Technology can allow educators and parents to be linked into a sturdier web of
mutual support than ever before. Schools and homes can be connected through
computer networks that allow them to freely share information, via email and bulletin
boards, twenty-four hours a day and year-round.

It's not hard to imagine a time in the near future when all parents will be able to
quickly call up information such as a student's schedule for the week, current
assignments, and suggestions from teachers about what they can do to support
learning goals at home. They'll be able to review what the child has been doing by
looking at actual samples of schoolwork that have been collected in an electronic
portfolio.

To ensure that everyone, regardless of income or other circumstances, has equal


access to such electronic tools, some schools work with businesses and other
partners to create computer-lending programs for families. All schools should
consider creating similar programs.

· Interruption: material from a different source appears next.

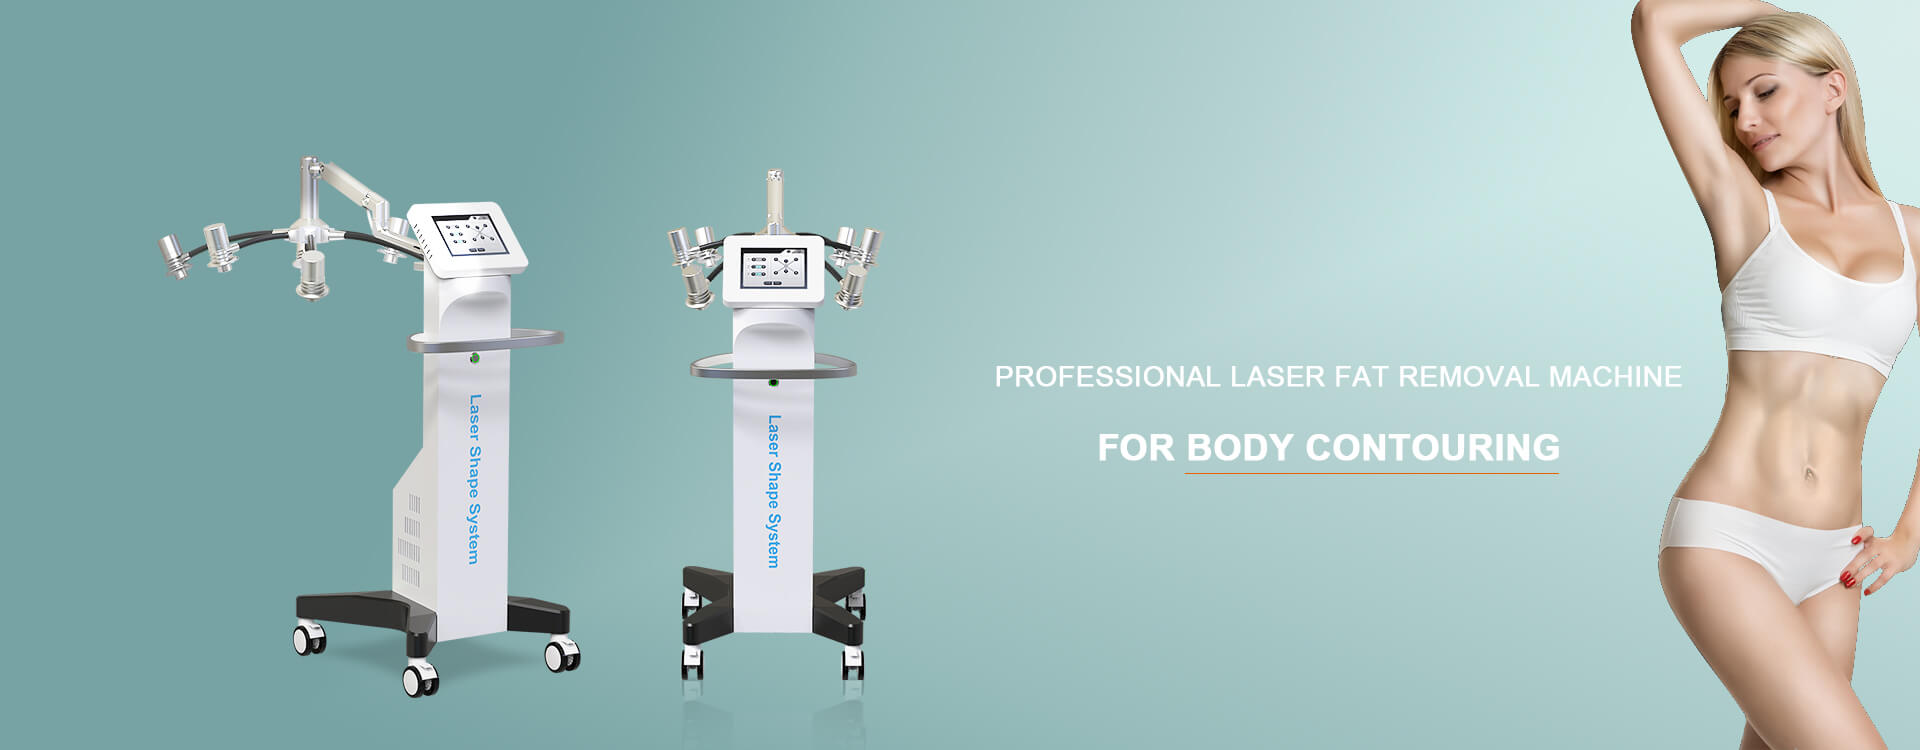 2022 Weight Loss Equipment Non Invasive Body Shaping Lipo Laser 532nm Green  Lights 6d Laser Device Cold Laser From Amazingbeautymachine, $4,975.13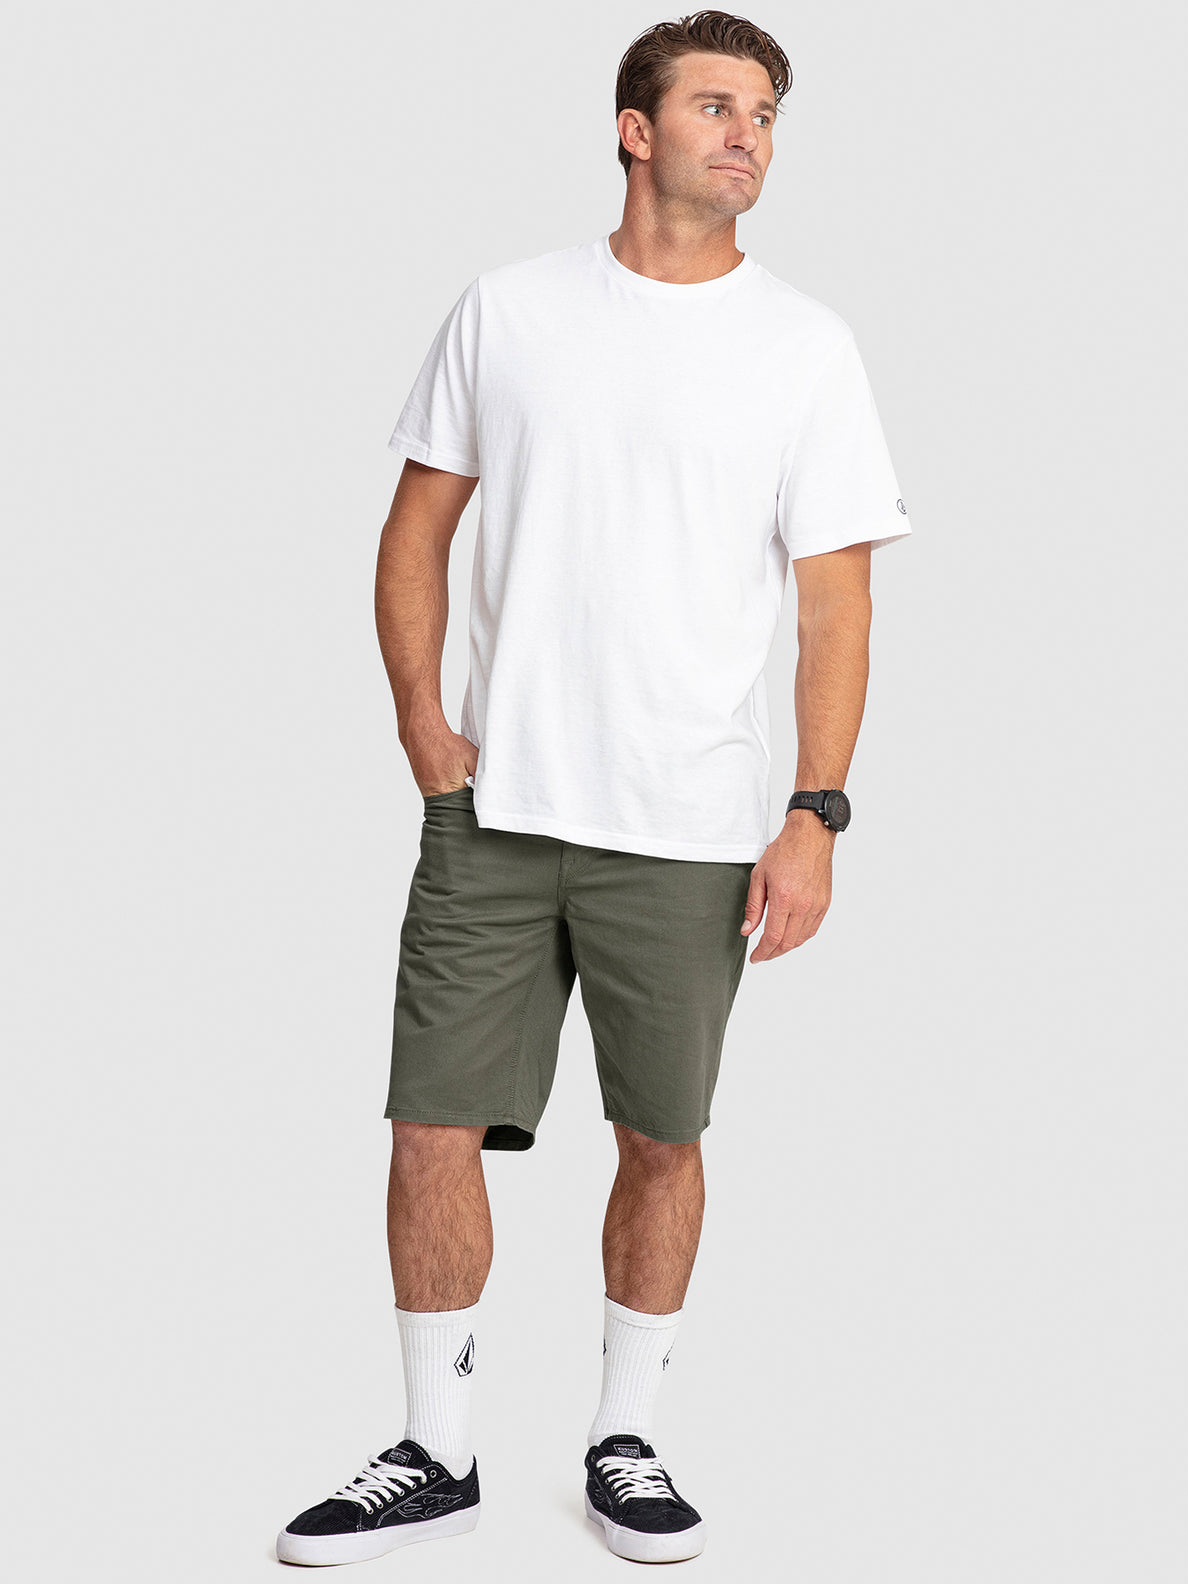 Solver Lite 5 Pocket Shorts - Army Green Combo

The needed computers should also be available
to parents at a variety of public settings such as schools, libraries, and government
buildings, and there should be free or low-cost classes to teach educators and
parents how to use them to foster learning.

The establishment of computer networks linking schools and homes fits neatly with
another positive trend we've noticed: More and more schools are broadening their
mission to provide educational services for their entire community.

Lifelong learning is rapidly becoming a requirement for success in the modern world.
Parents and other community members can either attend classes at a school or study
at home using distance learning technologies, with content supplied by their local
school or by one far away. Through these networks, parents can not only advance
their own education but also demonstrate for their children that adults need to keep
working at learning, too.

But the biggest winners are the children. When we walk into a school and see parents
and teachers working together, in all sorts of roles, it's a sure sign that the school
challenges the very best in students and helps all, regardless of race, class, or
culture, realize their fullest potential.